The first three parameters specify the width, height and title of the window. The fourth parameter allows you to optionally specify a monitor to open the window on and the last parameter is only relevant to OpenGL.

前3個參數標明窗口的寬度、高度和標題。第4個參數允許你可選地標明在哪個顯示器上打開窗口，最后一個參數只與OpenGL有關。

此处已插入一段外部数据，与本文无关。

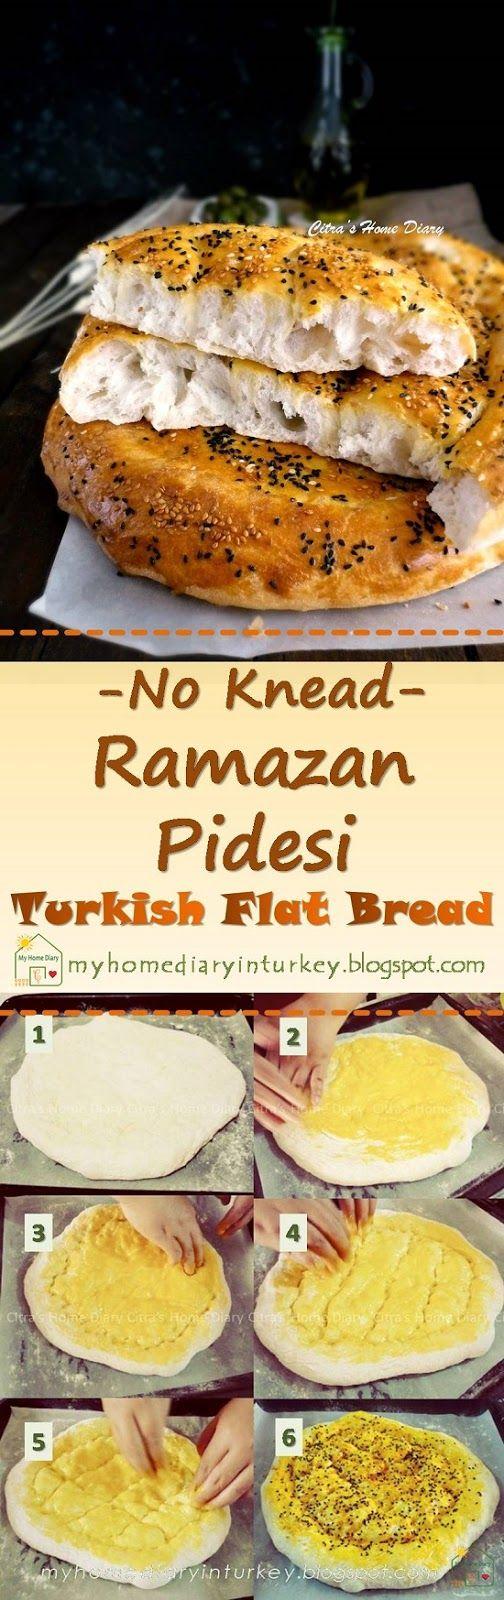 No knead Ramazan Pidesi / Turkish Pide bread (flat bread ...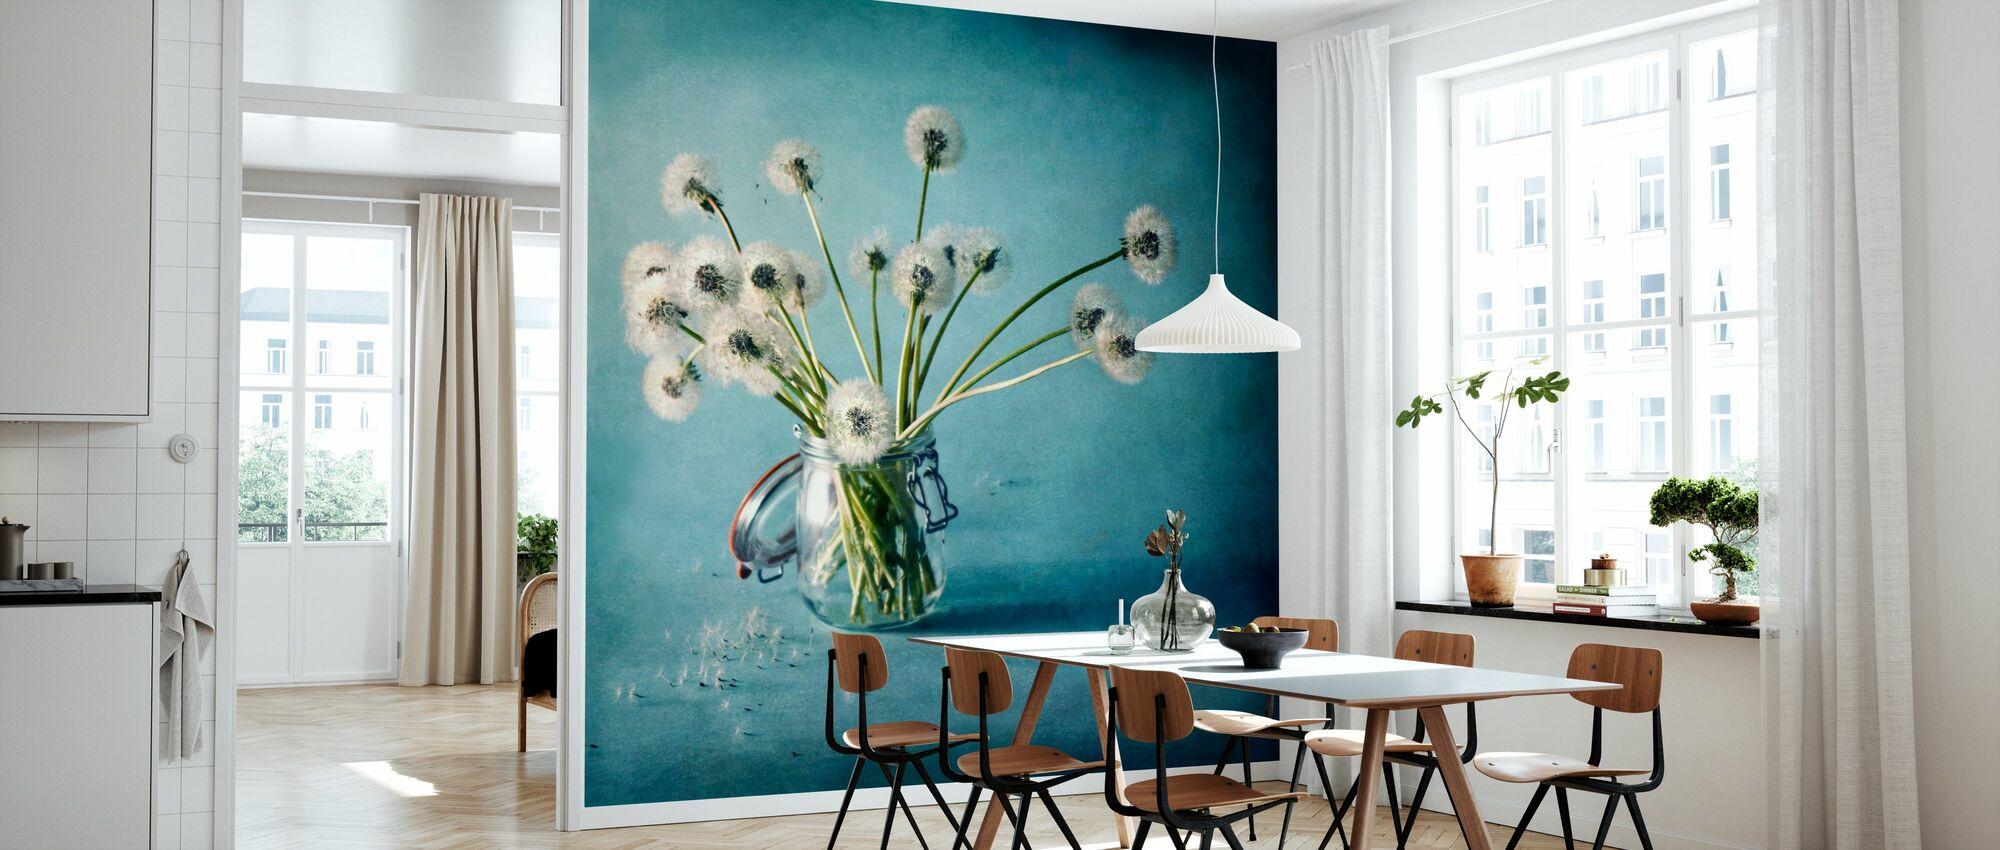 Storing Wishes - Wallpaper - Kitchen

It's a good idea to use constants instead of hardcoded width and height numbers because we'll be referring to these values a couple of times in the future. I've added the following lines above the HelloTriangleApplicationclass definition:

用常量代替硬編碼的寬度和高度數值是個好主意，因為我們將多次引用這些數據。我在類定義之前添加了下述2行：

const int WIDTH = 800;
const int HEIGHT = 600;

and replaced the window creation call with

用下述代碼代替了創建窗口的函數調用：

window = glfwCreateWindow(WIDTH, HEIGHT, "Vulkan", nullptr, nullptr);

You should now have a initWindow function that looks like this:

現在你應該有個長這樣的initWindow 函數：

void initWindow() {
    glfwInit();
 
    glfwWindowHint(GLFW_CLIENT_API, GLFW_NO_API);
    glfwWindowHint(GLFW_RESIZABLE, GLFW_FALSE);
 
    window = glfwCreateWindow(WIDTH, HEIGHT, "Vulkan", nullptr, nullptr);
}

To keep the application running until either an error occurs or the window is closed, we need to add an event loop to the mainLoop function as follows:

為了讓app持續運行，直到發生錯誤或窗口關閉，我們需要在mainLoop 函數中添加一個事件循環，如下代碼所示：

void mainLoop() {
    while (!glfwWindowShouldClose(window)) {
        glfwPollEvents();
    }
}

This code should be fairly self-explanatory. It loops and checks for events like pressing the X button until the window has been closed by the user. This is also the loop where we'll later call a function to render a single frame.

這個代碼是不言自明的。它循環檢查事件（例如點擊X按鈕），直到窗口被用戶關閉為止。在這個循環里，我們稍后會調用另一個函數來渲染一幀。

Once the window is closed, we need to clean up resources by destroying it and terminating GLFW itself. This will be our first cleanup code:

一旦窗口被關閉，我們需要銷毀資源，關閉GLFW。下面是我們最初的cleanup 代碼：

void cleanup() {
    glfwDestroyWindow(window);
 
    glfwTerminate();
}

When you run the program now you should see a window titled Vulkan show up until the application is terminated by closing the window. Now that we have the skeleton for the Vulkan application, let's create the first Vulkan object!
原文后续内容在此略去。